▶ What the exercise asks
Go to the line with "Hilook Ipc-t240h-f 4mp" in the records below, then output it and each following line exactly, up to and including the line with "schwarze Damengarderobe um". Skip pictures and add nothing.

▶ Source records
____________________

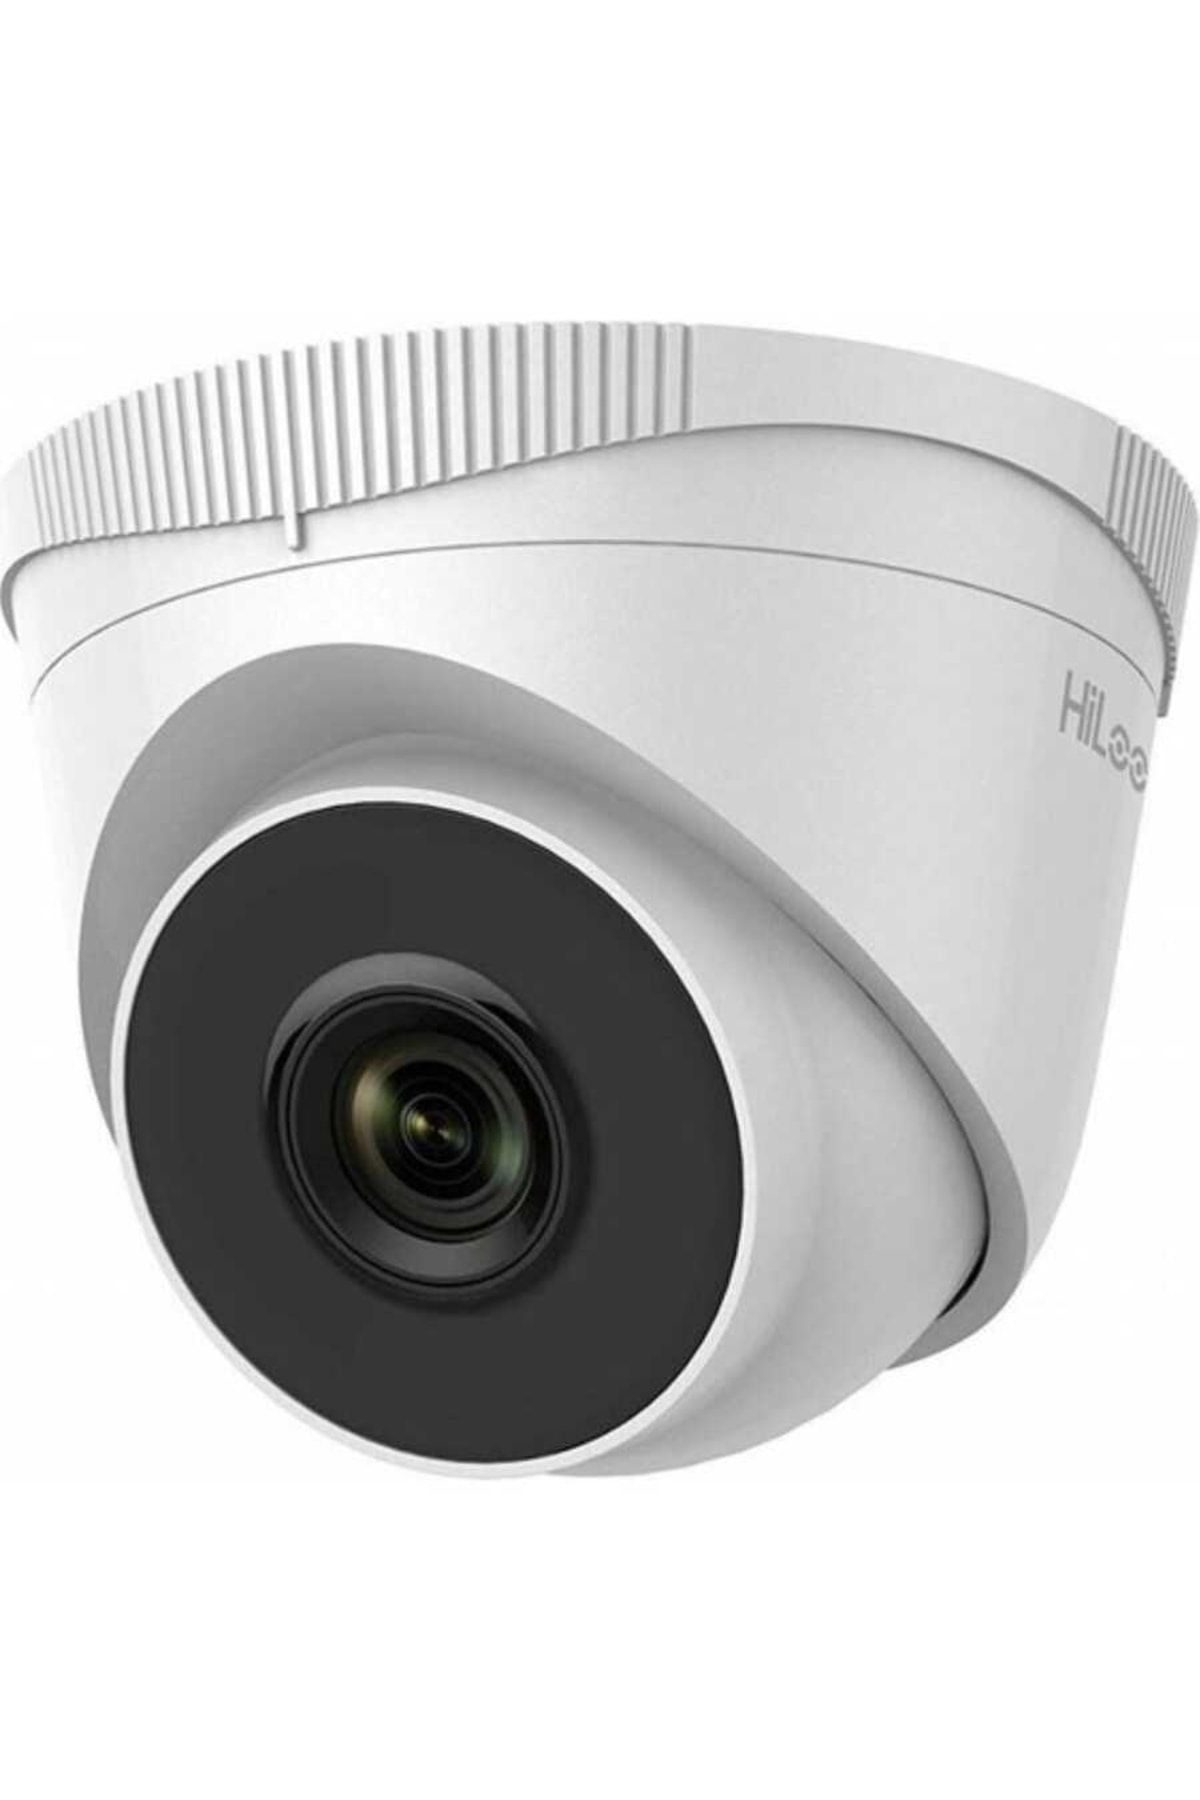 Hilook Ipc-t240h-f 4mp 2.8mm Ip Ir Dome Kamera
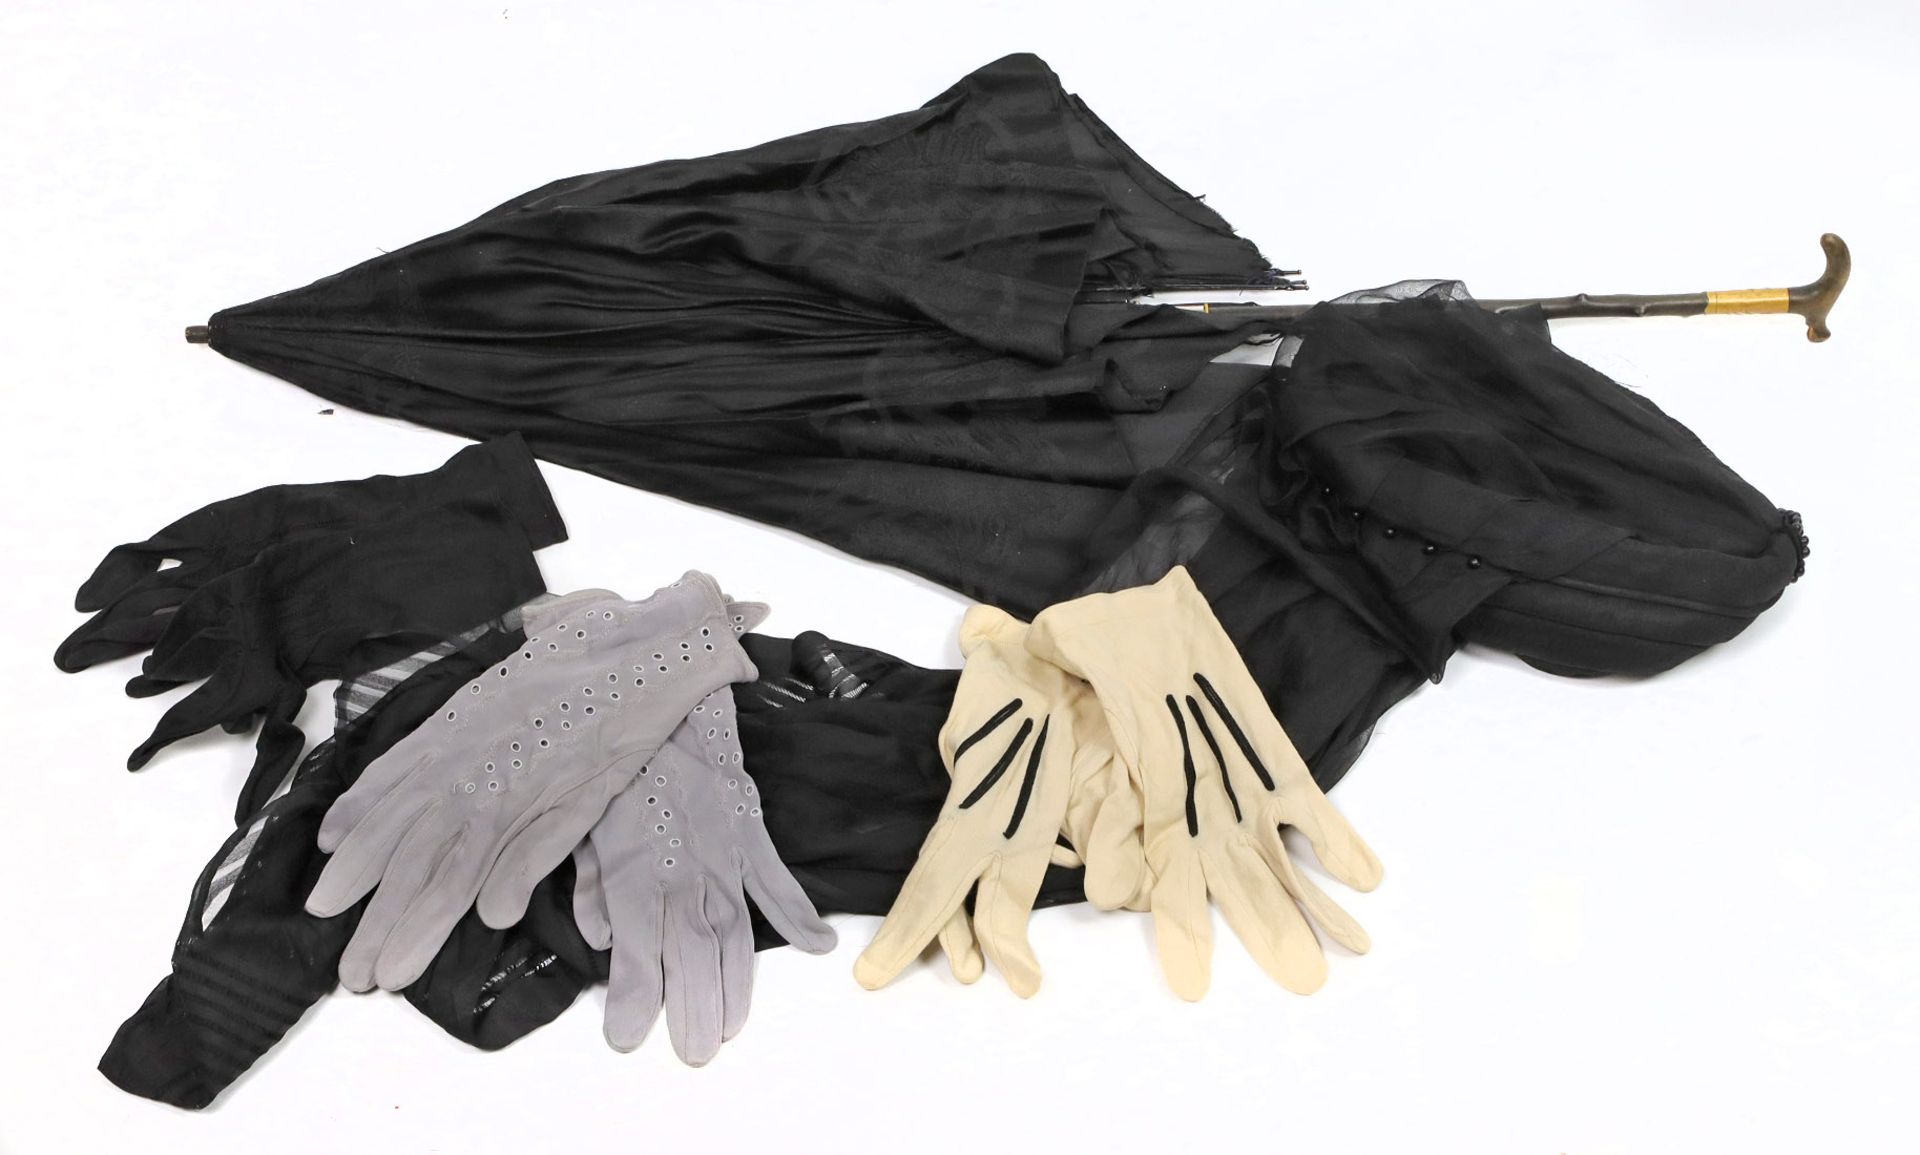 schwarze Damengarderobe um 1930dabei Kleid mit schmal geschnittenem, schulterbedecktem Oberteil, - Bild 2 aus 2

____________________

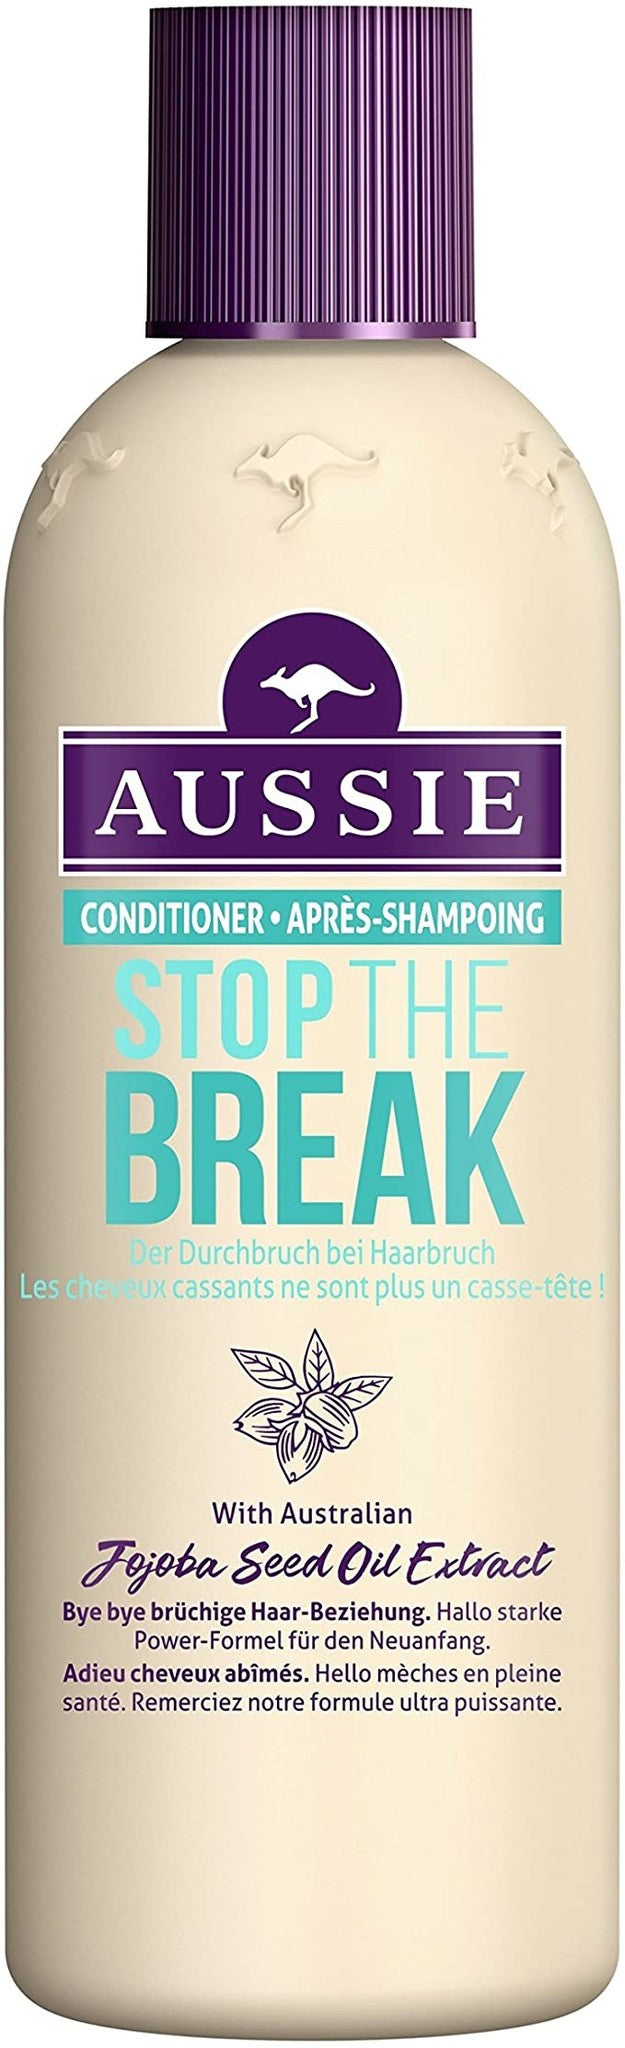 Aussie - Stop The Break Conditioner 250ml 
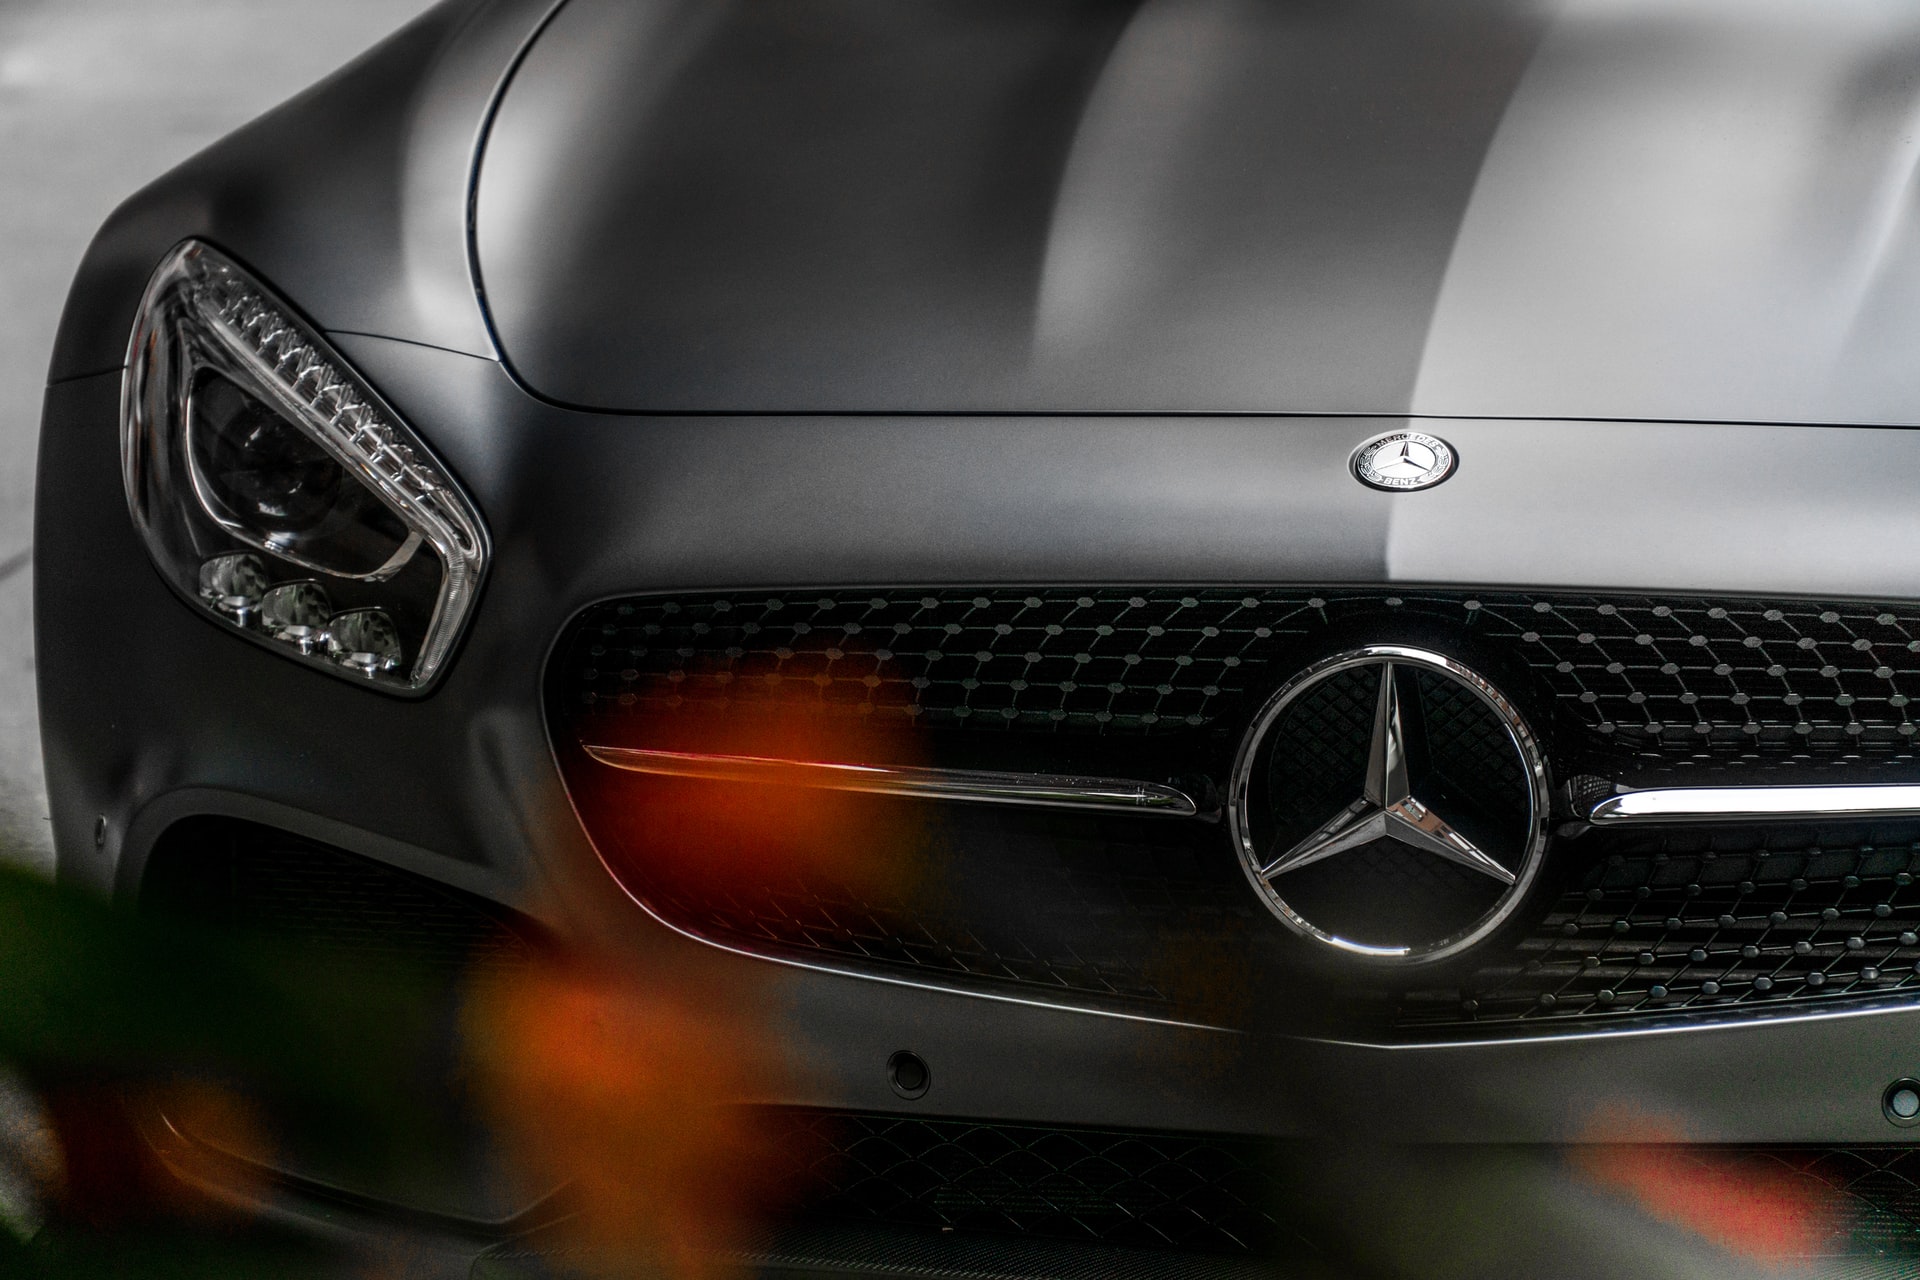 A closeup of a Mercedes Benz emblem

____________________

▶ Solved problem
 Hilook Ipc-t240h-f 4mp 2.8mm Ip Ir Dome Kamera
 schwarze Damengarderobe um 1930dabei Kleid mit schmal geschnittenem, schulterbedecktem Oberteil, - Bild 2 aus 2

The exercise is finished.